### Instructions for the task
Restate the listing below line for line and word for word, without the pictures.

### Raw data
--- --- ---
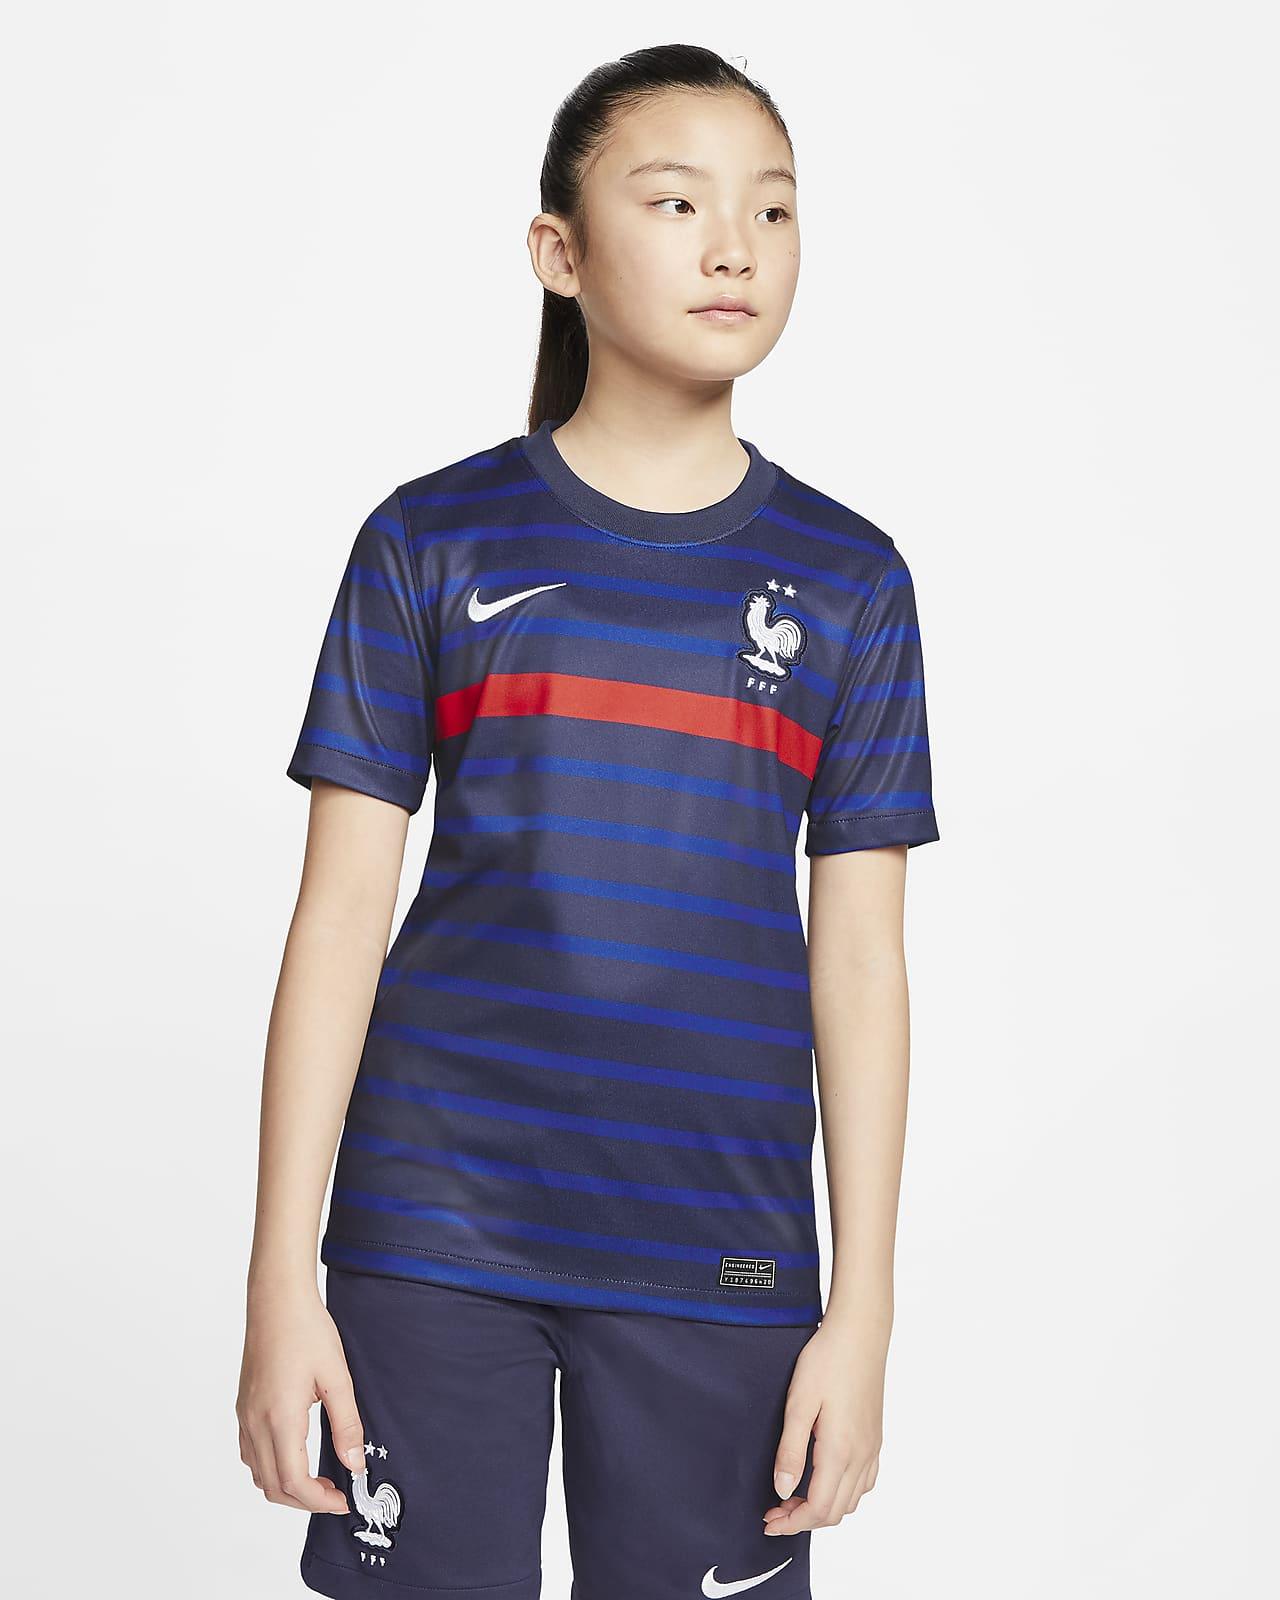 Primera equipación Stadium FFF 2020 Camiseta de fútbol - Niño/a
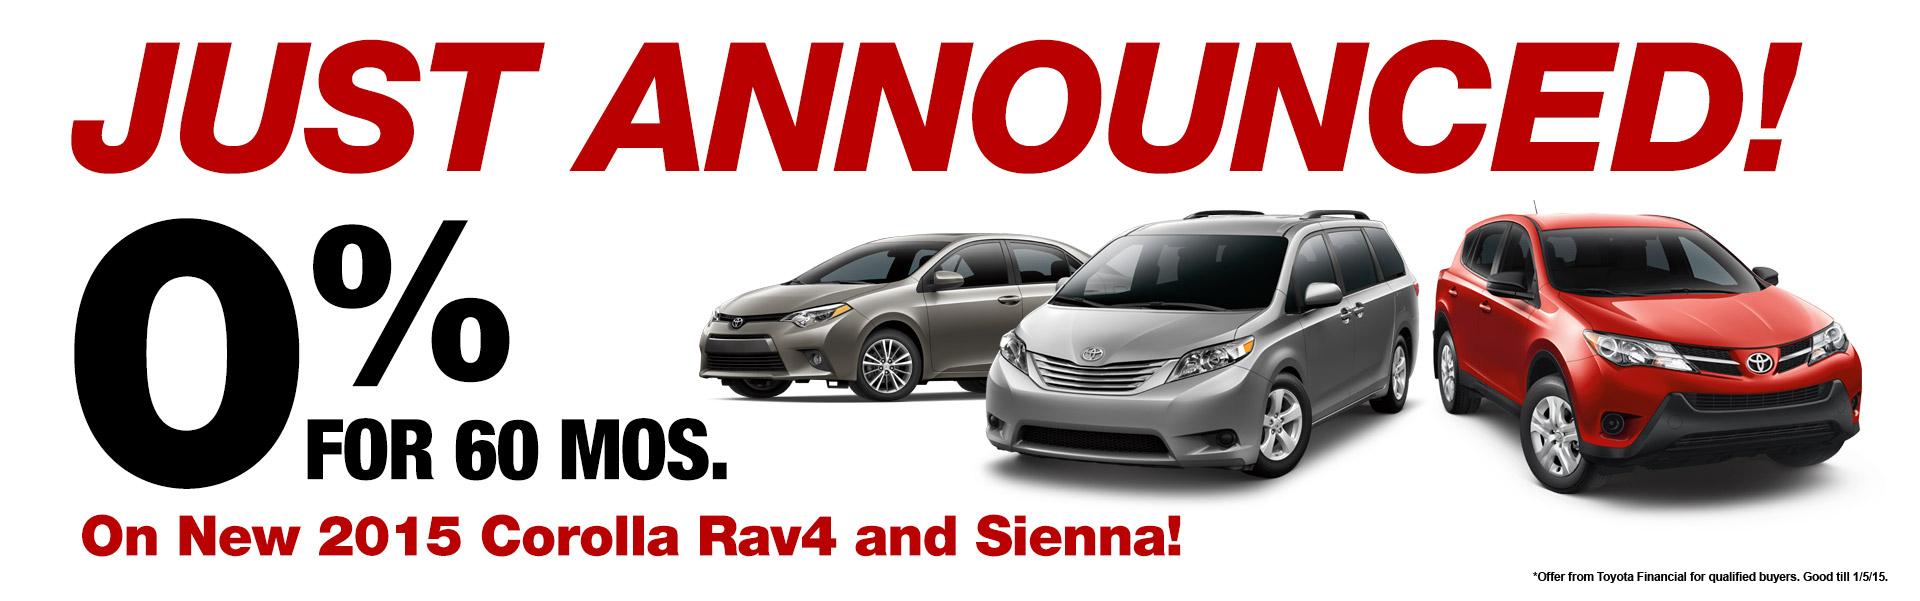 2015 Corolla Rav4 & Sienna
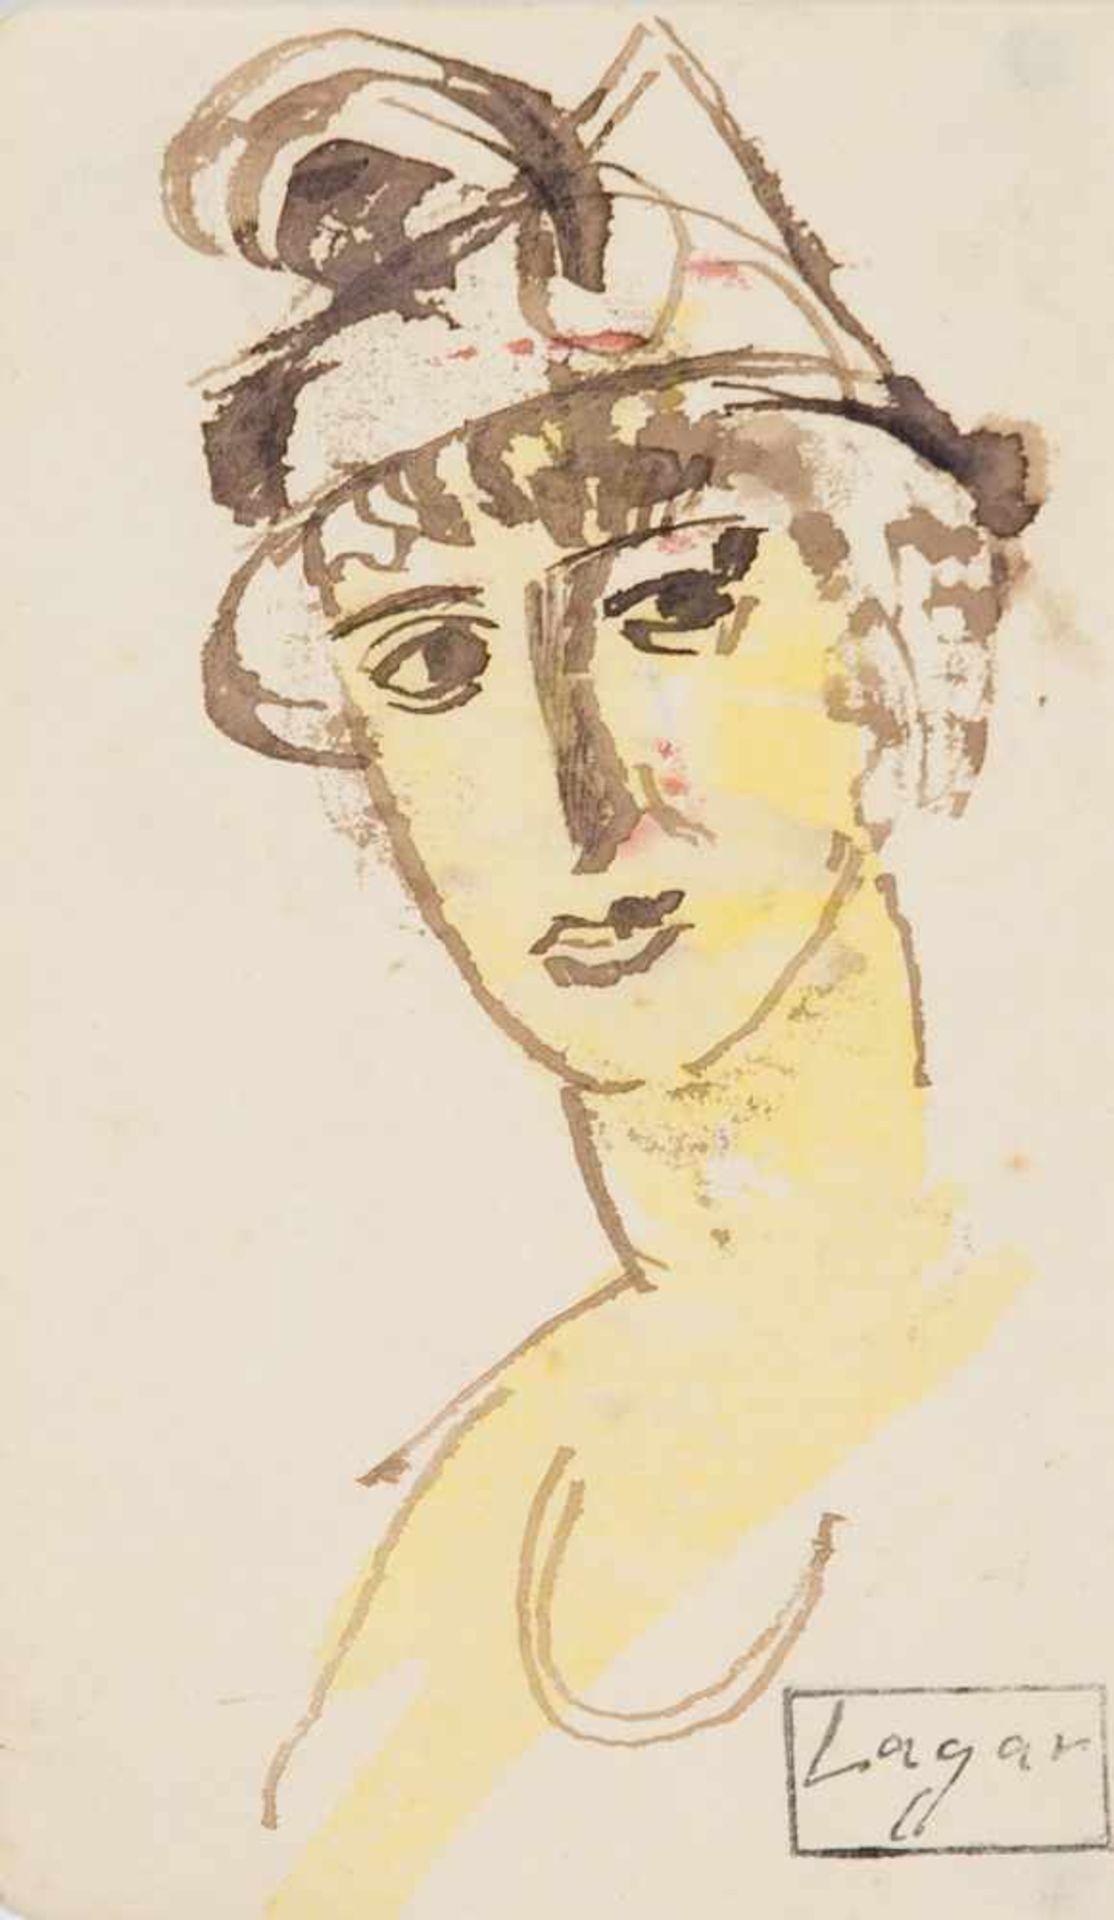 Los 8 - Celso Lagar (Ciudad Rodrigo, 1891 - Sevilla, 1966)
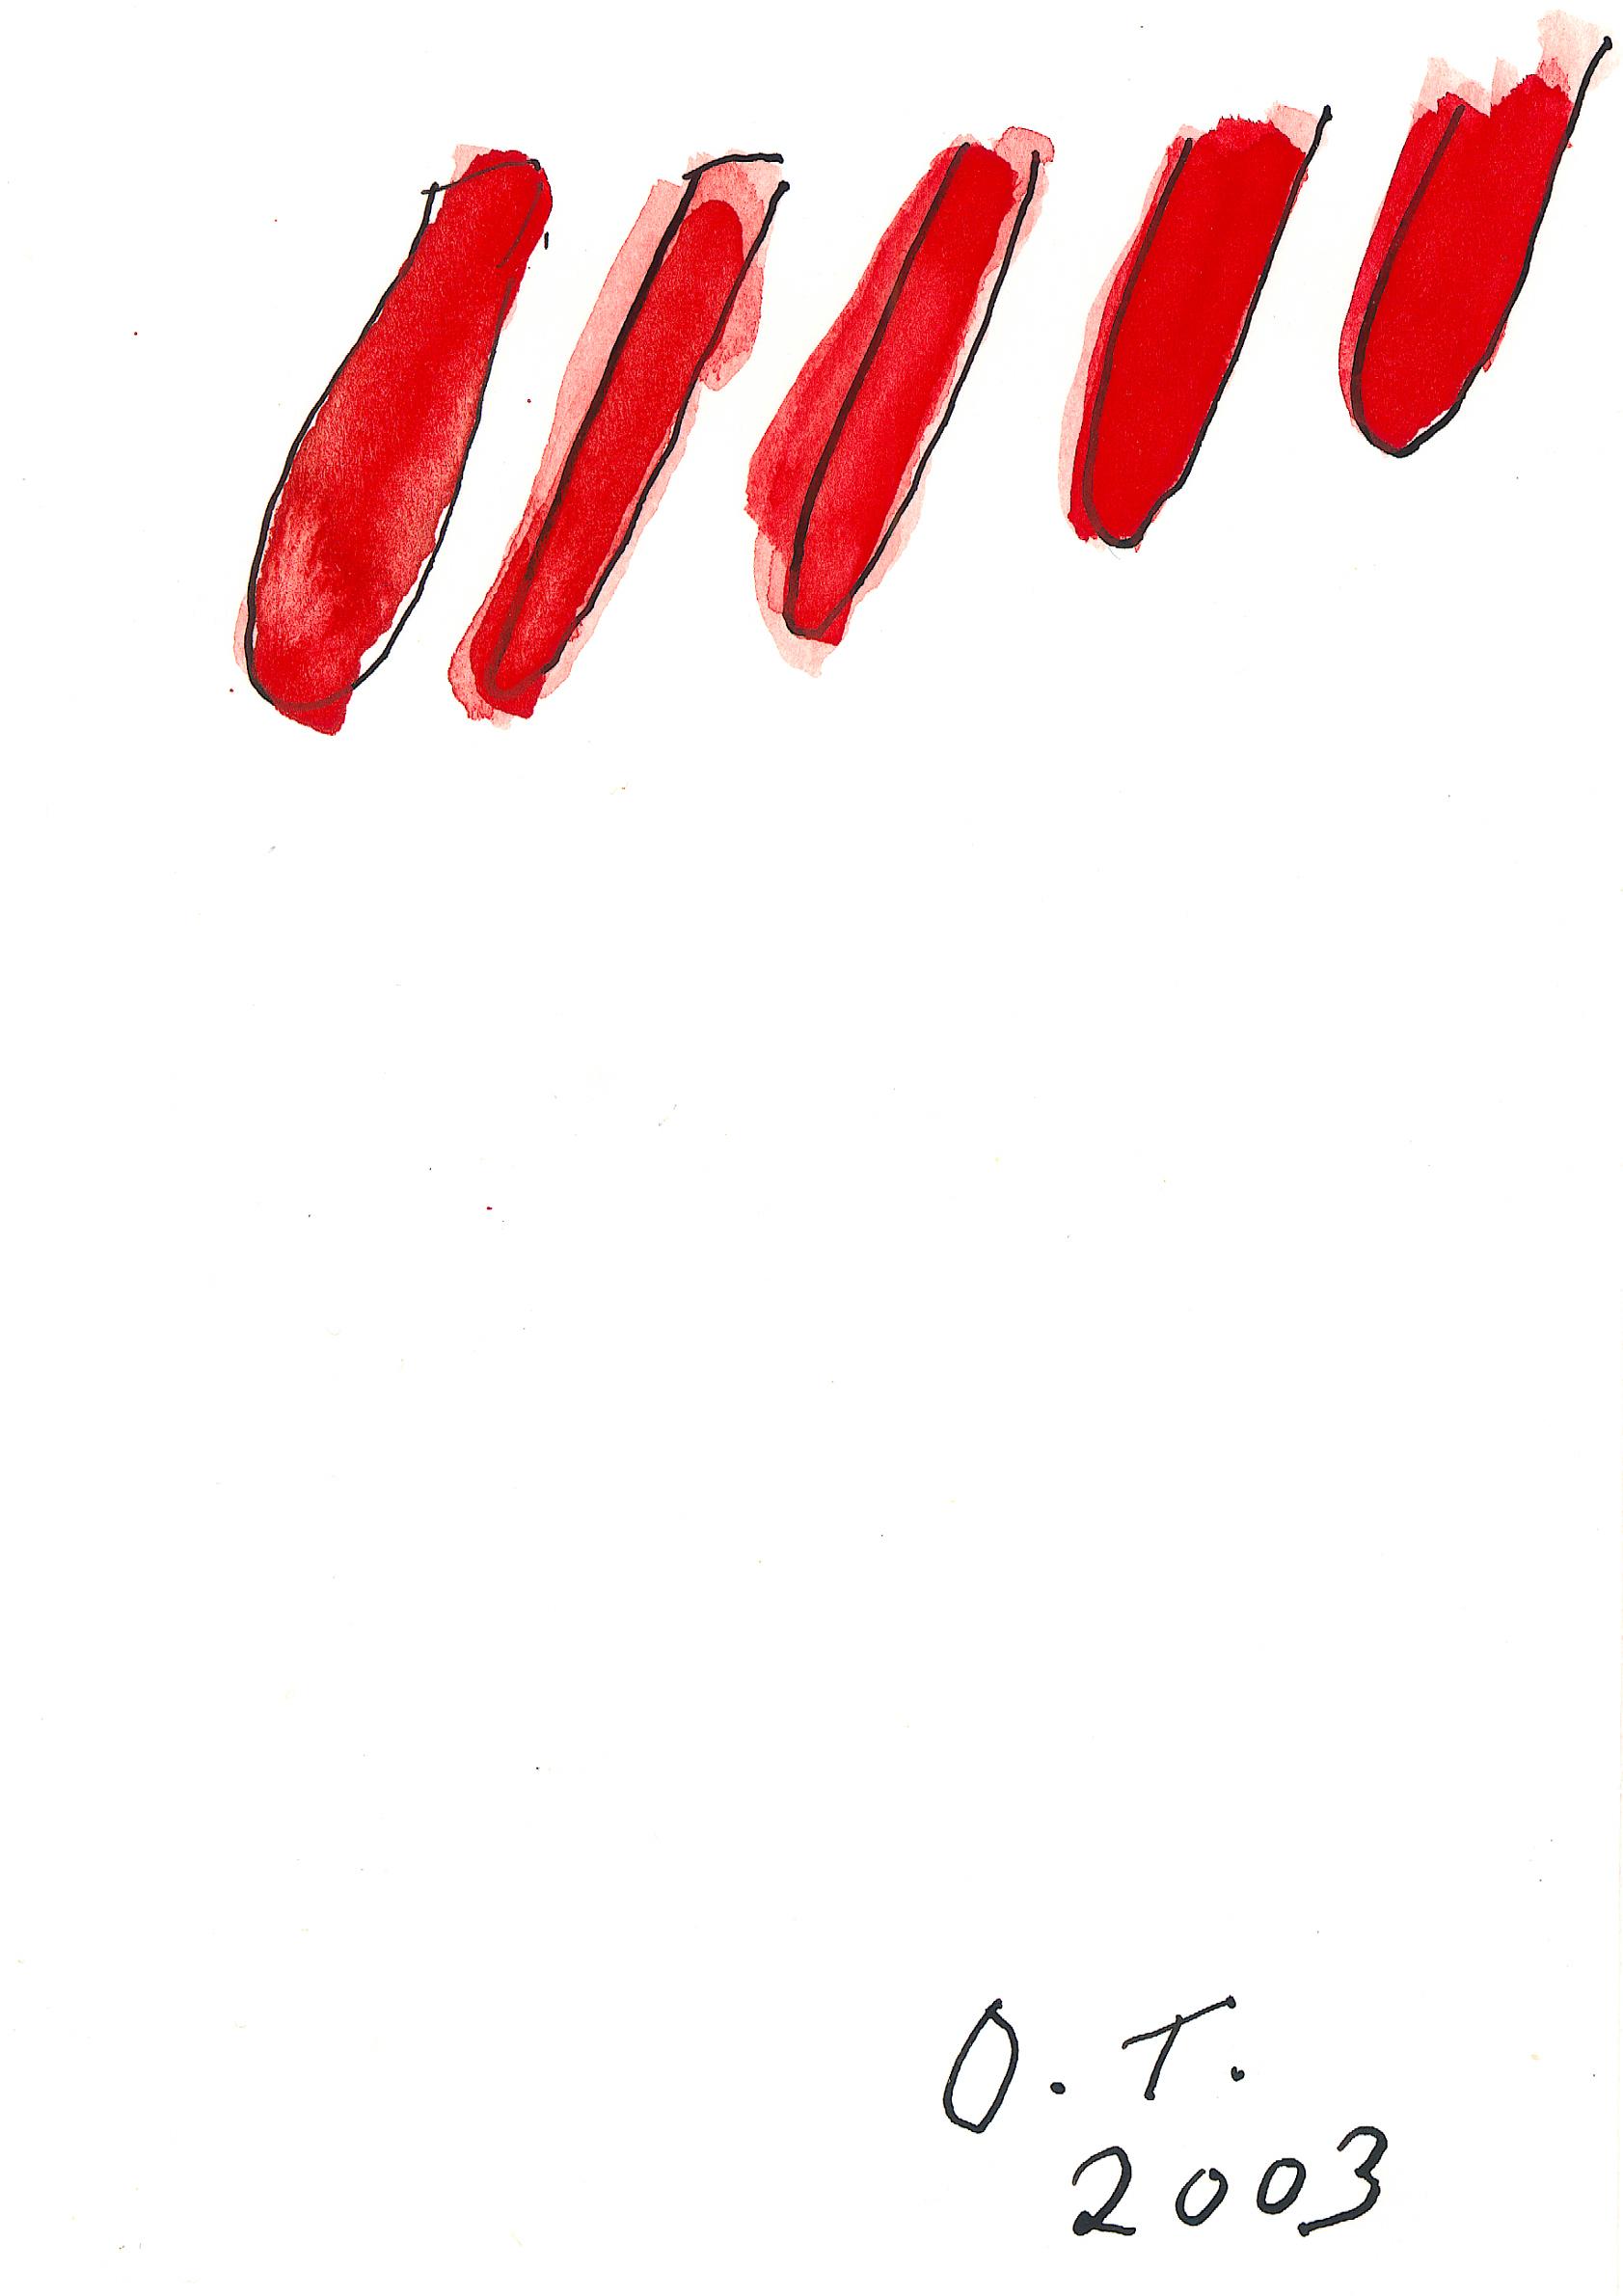 tschirtner oswald - Finger / Fingers
--- --- ---
### Reply to the exercise
 Primera equipación Stadium FFF 2020 Camiseta de fútbol - Niño/a
 2015 Corolla Rav4 & Sienna
 Los 8 - Celso Lagar (Ciudad Rodrigo, 1891 - Sevilla, 1966)
 tschirtner oswald - Finger / Fingers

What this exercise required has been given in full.